Pur riconoscendo continuamente la sua natura di animale morente, proprio il momento in cui Barr accetta l’incarico e va a caccia del Big Foot rappresenta in maniera abbastanza evidente la volontà di non cedere allo scorrere inesorabile degli eventi. Quasi come se, proprio in chiusura della sua storia, il protagonista volesse ricongiungersi ad uno degli archetipi della narrativa, l’eroe romantico, colui che letteralmente va contro il mondo pur di raggiungere i suoi scopi, Barr osserva la distruzione del suo mondo personale, riconosce che le radici della sua identità si stanno sfaldando ma non sembra voler cedere, o almeno (com’è tradizione), quasi risvegliatosi dopo un lungo torpore, non vuole cedere senza combattere: tutto l’ultimo atto, oltre il puro racconto, è dunque l’estremo tentativo del protagonista di rimettere insieme i pezzi di una dimensione che sta andando in frantumi, contrapponendo i suoi valori personali a quelli errati della società contemporanea. È così dunque, che Barr accetta l’incarico affidatogli dall’F.B.I. quasi a voler contrapporre il suo senso del dovere all’arrivismo e all’ipocrisia degli americani; è così che, nel tentativo di ristabilire l’onore del duello e dei duellanti, Barr arriva ad uccidere il Big Foot con un singolo colpo in mezzo agli occhi, facendo durare il suo calvario il meno possibile e scusandosi con il suo avversario per le sofferenze arrecategli durante il confronto.

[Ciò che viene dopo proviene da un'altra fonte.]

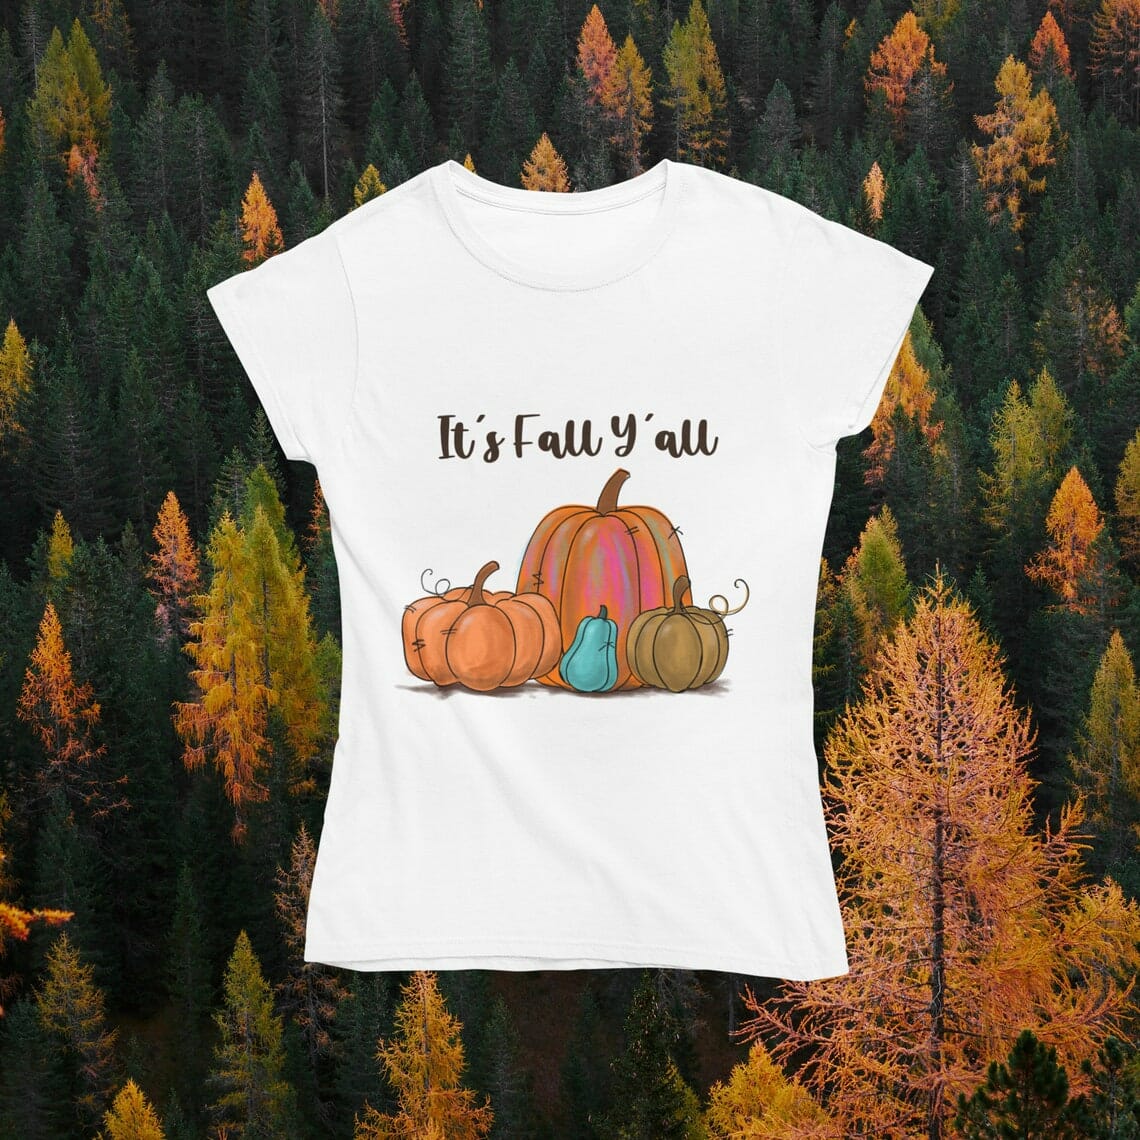 Printable on T-Shirt|It's Fall Y'all Sublimation PNG

Il vero e proprio discorso organizzato da Krzykowsky ha l’ampio respiro di un’indagine che da studio sulla decadenza di un individuo finisce per indagare la fine (e conseguente trasformazione in qualcosa di diverso) di un medium e di una forma linguistica a esso relativa. Il medium è il cinema d’avventura d’impianto più o meno tradizionale e la forma linguistica è quella organizzata attorno agli stilemi tipici del genere. Come si è intuito, The Man Who Killed Hitler And Then Big Foot è esso stesso un simulacro di un modo di fare cinema che non è più, un’entità al tramonto in cui si incontrano spunti provenienti dal cinema di John Huston, dal War Movie anni ’70, passando per certo cinema action anni ’80, il settore, a margine, in cui si notano i prelievi più cospicui dal protagonista che sceglie di autoesiliarsi, al suo reclutamento per l’ennesima, ultima missione, dall’emersione di certi elementi grotteschi, quasi fossimo stati catapultati improvvisamente in un B-Movie di quegli anni, (pensiamo alla realizzazione del mostro), passando per la finta morte del protagonista nell’epilogo, altro leit motiv del genere.

Lungi dal voler essere una sorta di coagulato postmoderno a metà tra il fanservice più spicciolo e la riproposizione gratuita di strutture del passato, la sensazione è che, complice soprattutto il tono compassato, lento, sofferente della narrazione e l’atmosfera decadente della pellicola, quasi crepuscolare, più interessata alle piccole cose, ai dettagli più quotidiani e vicini alla sensibilità dello spettatore, tutto il sistema finisce per incepparsi fino a stimolare lo straniamento dello spettatore. Più che una carrellata trionfale, ci troviamo di fronte alla marcia funebre di un intero modello produttivo, oltreché di un vero e proprio genere.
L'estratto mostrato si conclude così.